Chaque année, les accidents de moto font de nombreuses victimes sur les routes françaises. Bien que représentant moins de 2% du trafic motorisé, les motards constituent 22% des décès et 34% des blessés graves sur la route en 2023.
Face à cette vulnérabilité particulière, la question de l’indemnisation après un accident de moto revêt une importance majeure. Encadrée par la loi Badinter du 5 juillet 1985, cette indemnisation vise à réparer l’ensemble des préjudices subis, qu’ils soient matériels, corporels, moraux ou économiques.

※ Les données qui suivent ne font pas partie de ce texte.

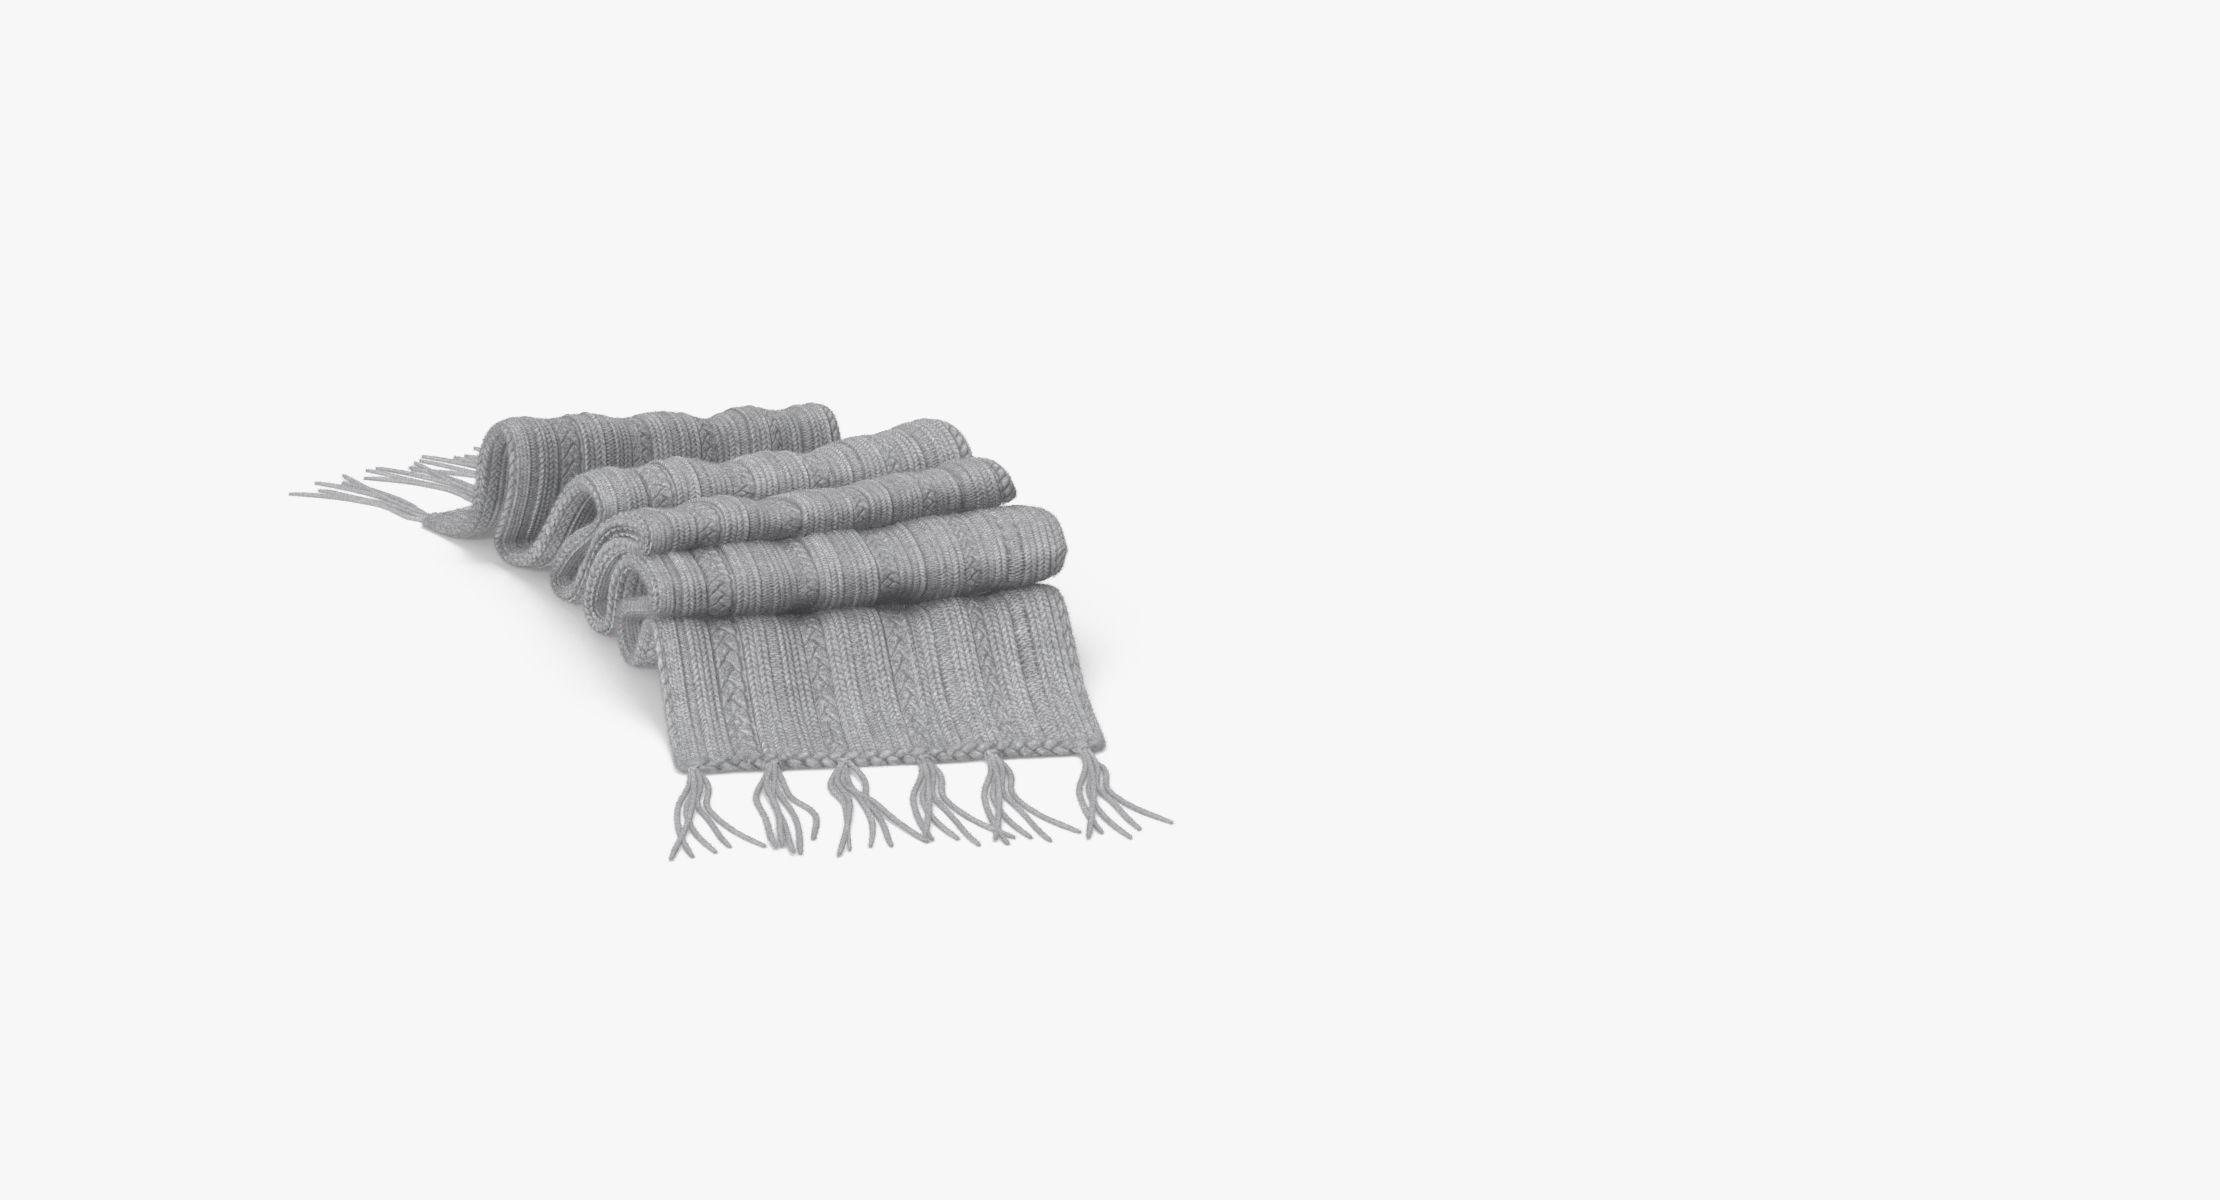 Scarf 03 - reel 1

Cependant, le processus d’indemnisation peut s’avérer complexe, avec des différences significatives selon le statut de la victime (conducteur ou passager) et les circonstances de l’accident.

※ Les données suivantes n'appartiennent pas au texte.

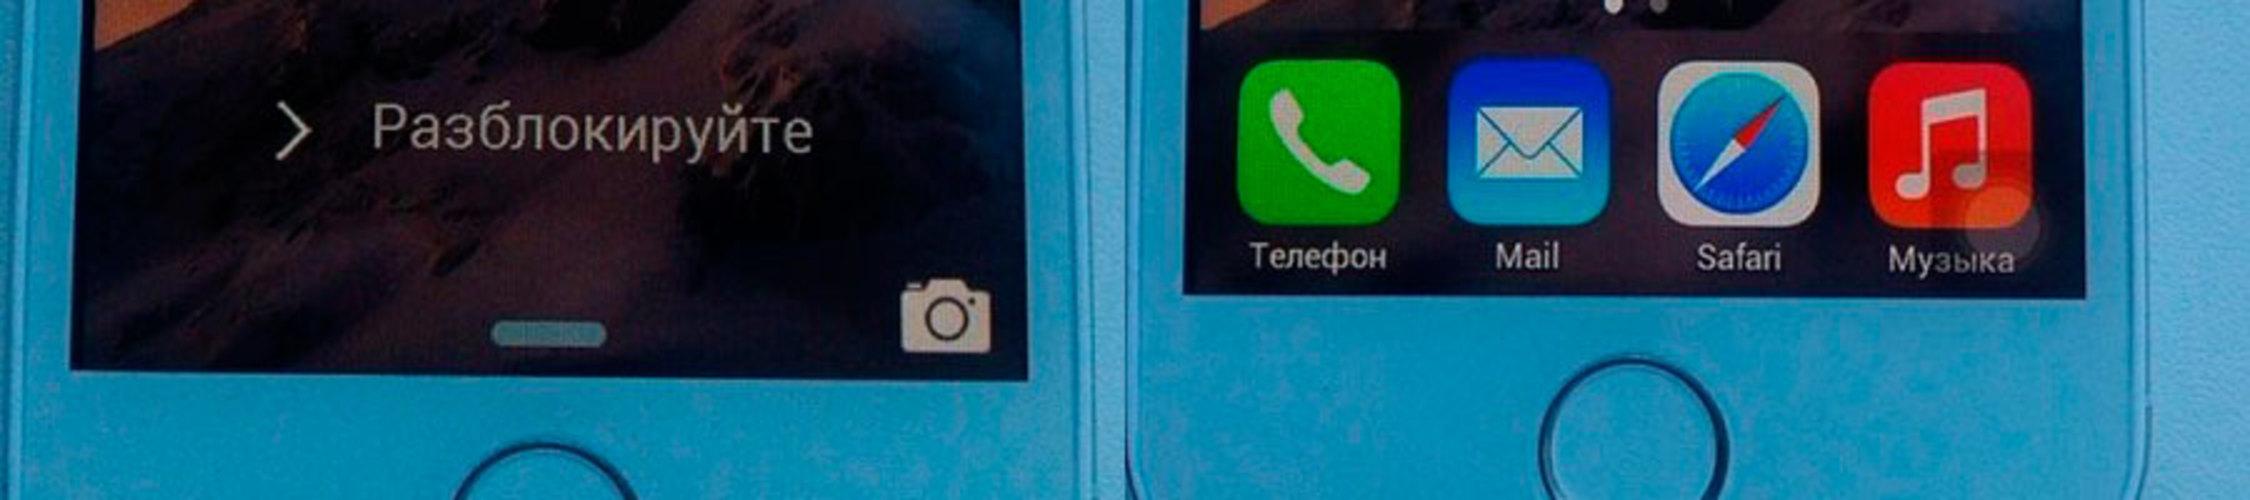 Как проверить настоящий ли айфон 5s?

De la constitution du dossier à l’évaluation des préjudices, en passant par les expertises médicales et les négociations avec les assurances, chaque étape requiert une attention particulière pour garantir une juste réparation à un motard victime d’un accident de la route. Comprendre ces mécanismes et s’entourer des bons professionnels devient alors essentiel pour faire valoir pleinement ses droits.
À quoi correspond l’indemnisation d’un accident de moto ?

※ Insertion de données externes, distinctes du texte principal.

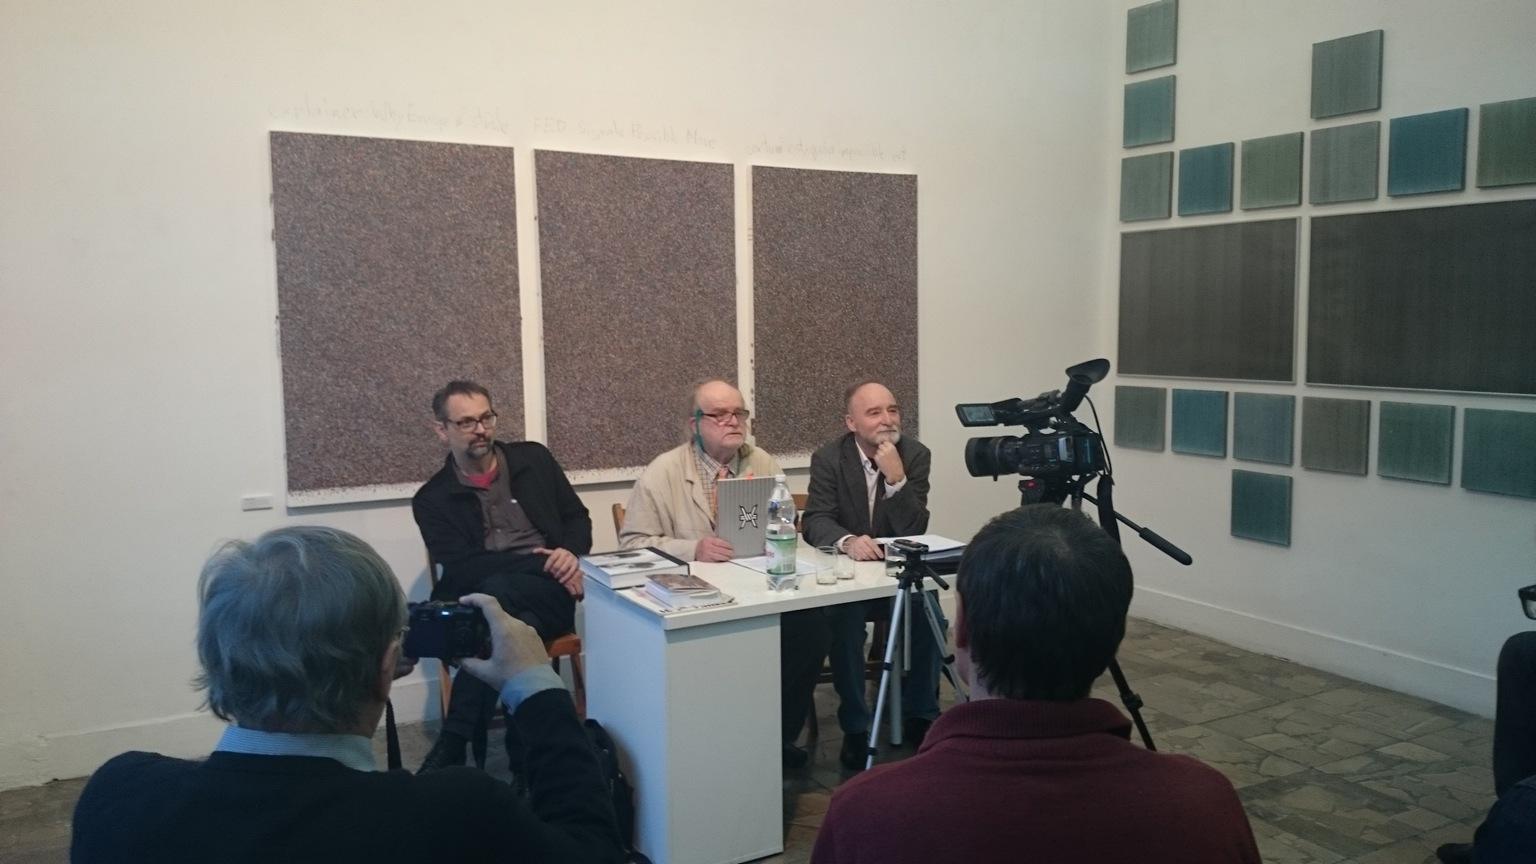 Dyskusja wgalerii XXI, odlewej: Sławomir Marze, Przemysław Kulik, Jan S. Wojciechowski

L’indemnisation après un accident de moto ou de scooter est un processus juridique qui vise à réparer financièrement l’ensemble des préjudices subis par la victime. Cette indemnisation couvre non seulement les dommages matériels (réparation ou remplacement du véhicule), mais également les préjudices corporels, moraux et économiques découlant de l’accident. Il n’existe donc pas de grille d’indemnisation établie car celle-ci dépend des séquelles de chaque victime et de leurs conséquences sur sa vie (âge, profession, situation familiale, activités sportives, …).
Il est important de noter que l’indemnisation d’un accident de la route s’inscrit dans le cadre de la loi Badinter du 5 juillet 1985, qui régit spécifiquement l’indemnisation des victimes d’accidents de la circulation.
Accident : quelle indemnisation pour le motard conducteur ?
L’indemnisation due au conducteur d’une moto ou d’un scooter à la suite d’un accident de la circulation dépendra de sa responsabilité dans l’accident.
Indemnisation du conducteur de la moto victime d’un accident
Le motard conducteur victime, c’est à dire, qui n’a pas de responsabilité dans la survenance de l’accident, pourra être indemnisé de l’ensemble de ses préjudices, corporels et matériels, s’il n’a pas commis de faute, sur le fondement de la loi Badinter.
Cette indemnisation suppose donc que la qualité de victime du motard conducteur soit confirmée par l’assurance. En cas de contestation par l’assurance, celle-ci pourra reconnaître la responsabilité totale du conducteur ou l’existence d’une faute entraînant une réduction de son droit à indemnisation.
Il appartiendra alors à votre avocat spécialiste en droit du dommage corporel de démontrer, si c’est le cas, l’absence de faute, justifiant la prise en charge de vos préjudices.
Indemnisation du conducteur de la moto responsable d’un accident
A l’inverse, l’indemnisation du motard conducteur entièrement responsable de l’accident ne pourra intervenir que si celui-ci a souscrit, en amont, une garantie personnelle du conducteur.
Cette dernière, à la différence de l’indemnisation intégrale prévue par la loi Badinter est plafonnée et peut être conditionnée à un seuil de déclenchement en fonction de la gravité des séquelles. Son bénéfice peut être exclu en cas de conduite sous l’empire d’un état alcoolique, sous l’emprise de stupéfiants, après avoir effectué des modifications de la moto non-déclarées à l’assurance…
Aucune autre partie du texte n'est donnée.